Given data:
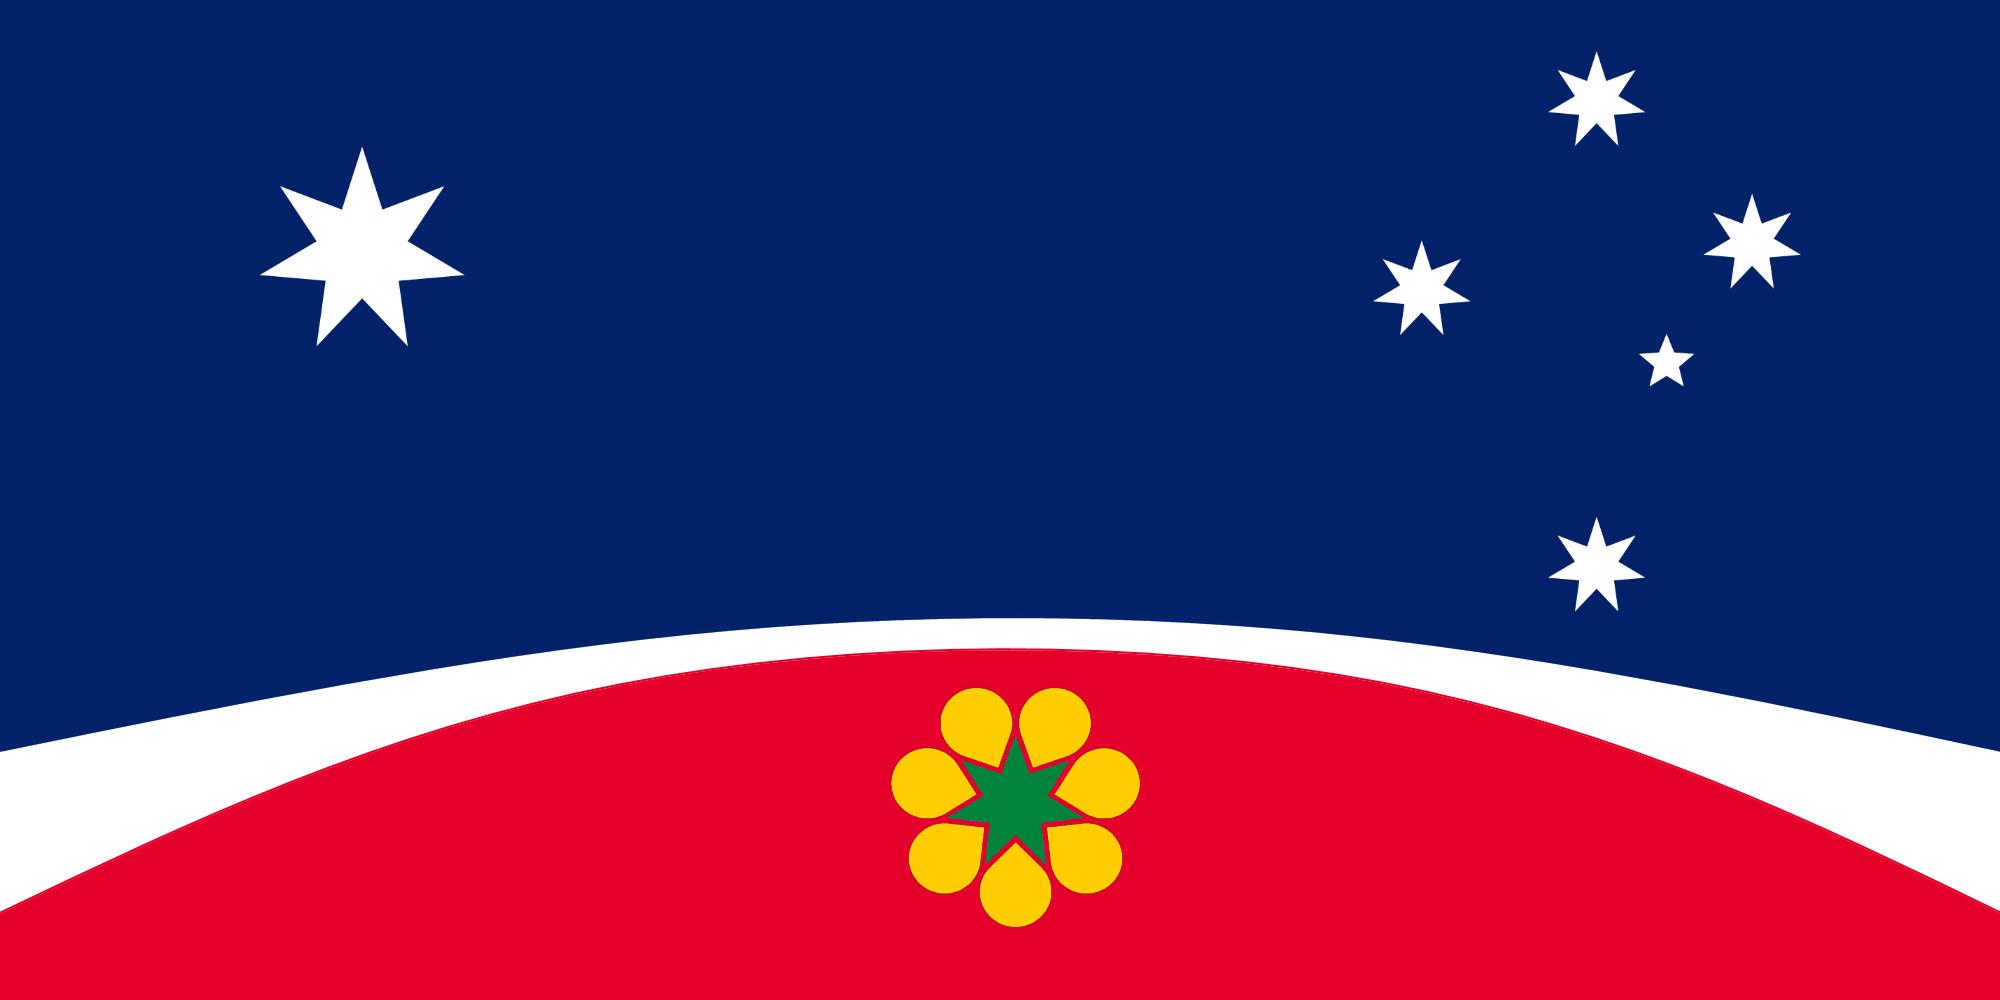 proposed Australia flag based off ausflag 1993 design.png
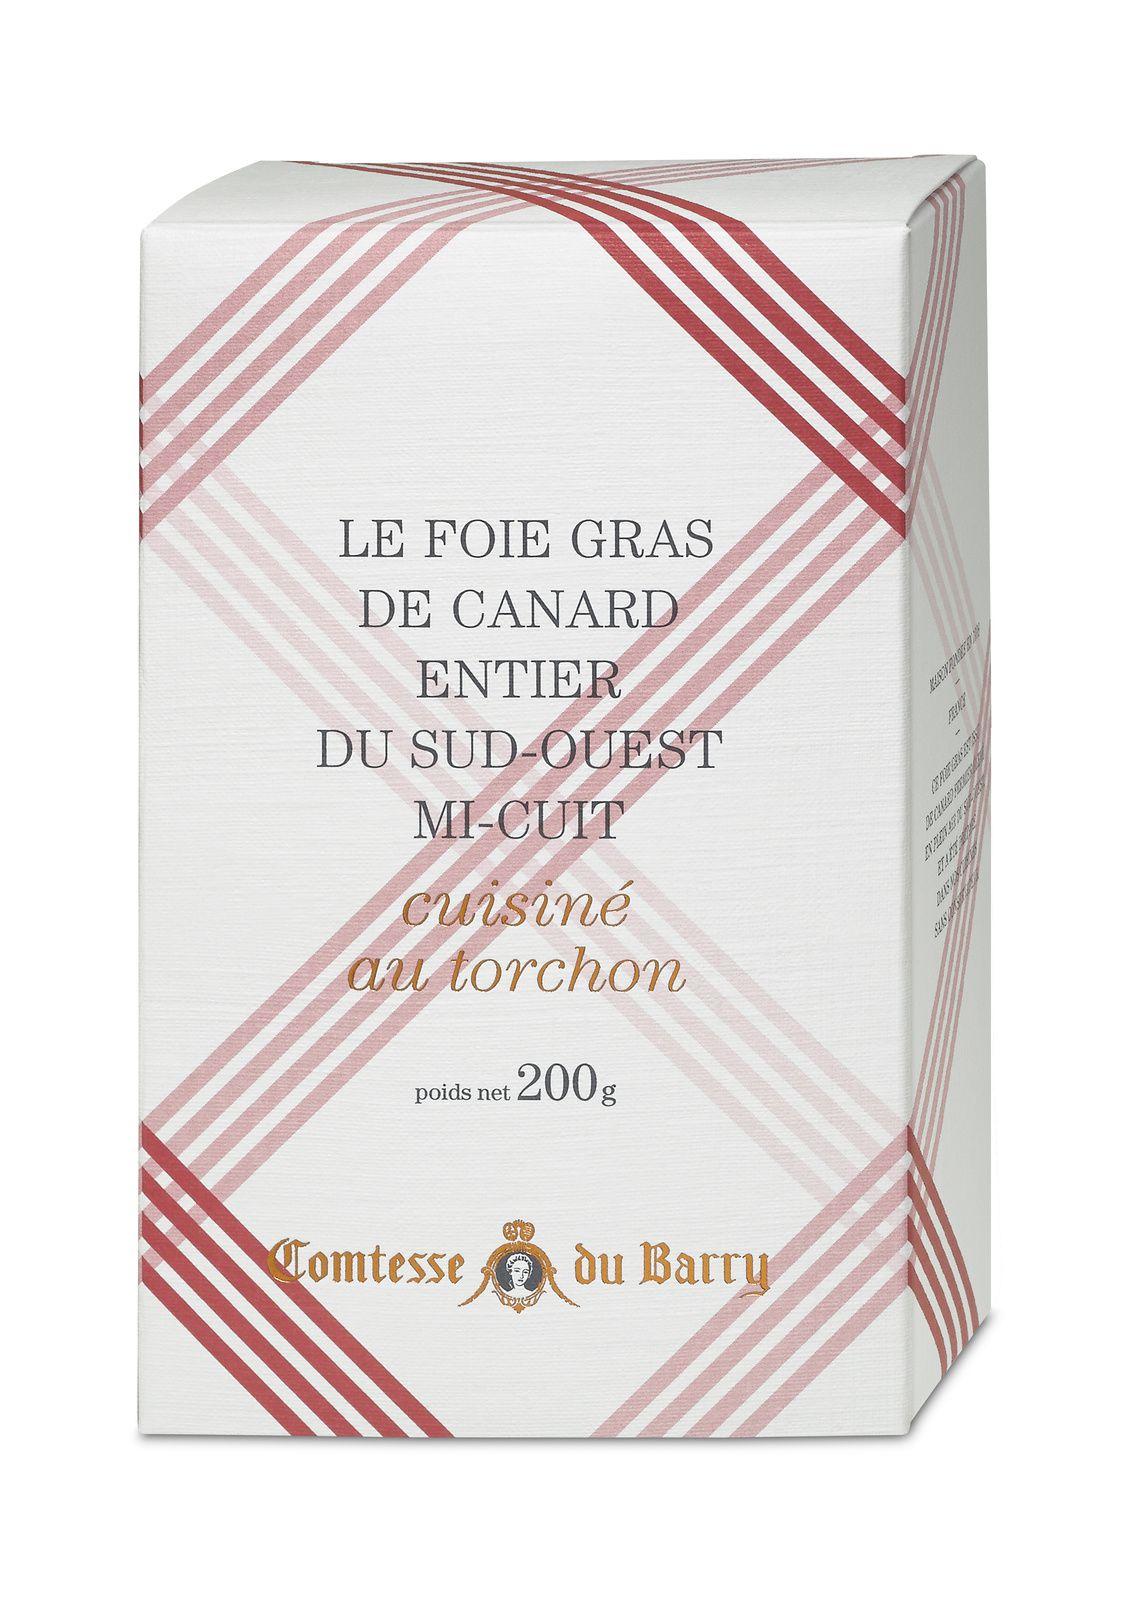 J'ai testé le foie gras de canard fermier cuisiné au torchon de Comtesse du Barry
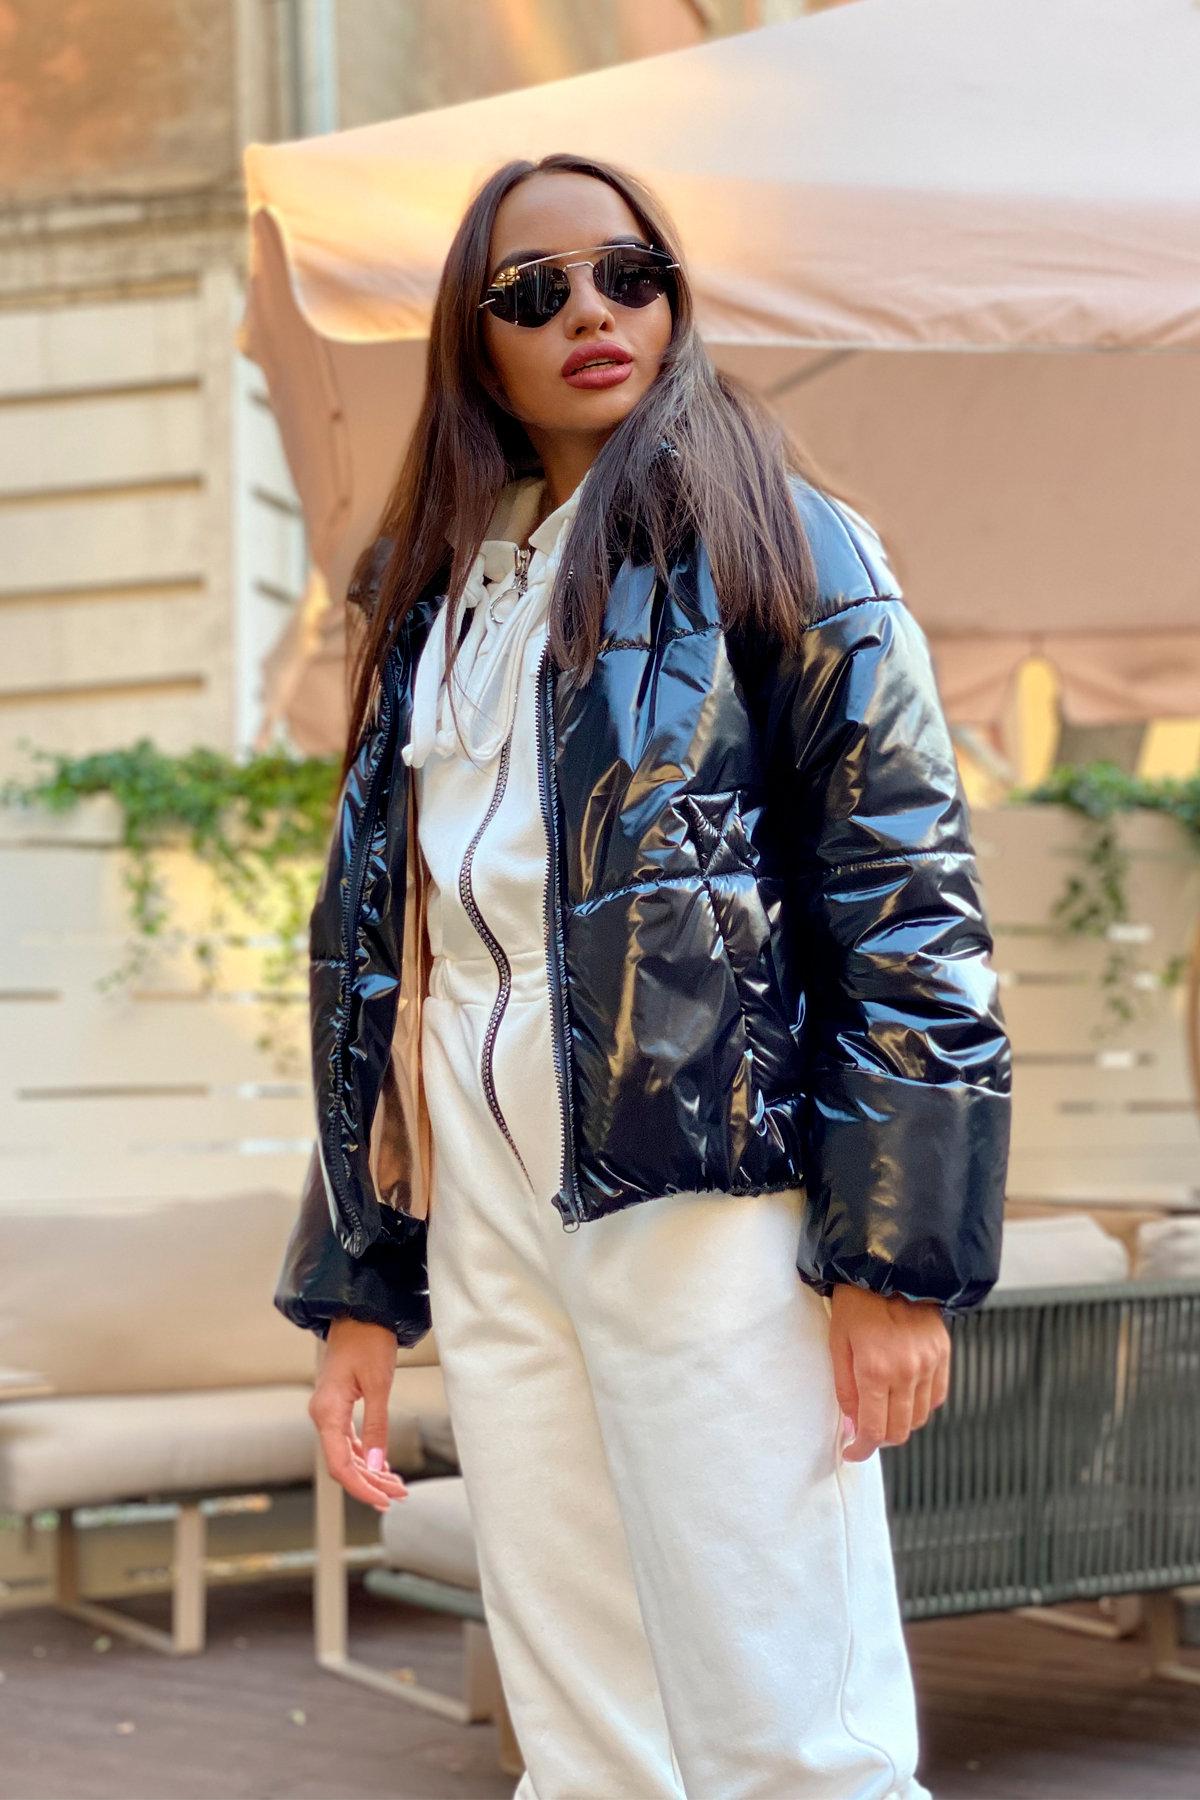 Куртка Драйв 8989 АРТ. 45299 Цвет: Черный - фото 9, интернет магазин tm-modus.ru

Work instructions: Retype the listing above exactly as it appears, omitting the pictures.

Output for this exercise:
 proposed Australia flag based off ausflag 1993 design.png
 J'ai testé le foie gras de canard fermier cuisiné au torchon de Comtesse du Barry
 Куртка Драйв 8989 АРТ. 45299 Цвет: Черный - фото 9, интернет магазин tm-modus.ru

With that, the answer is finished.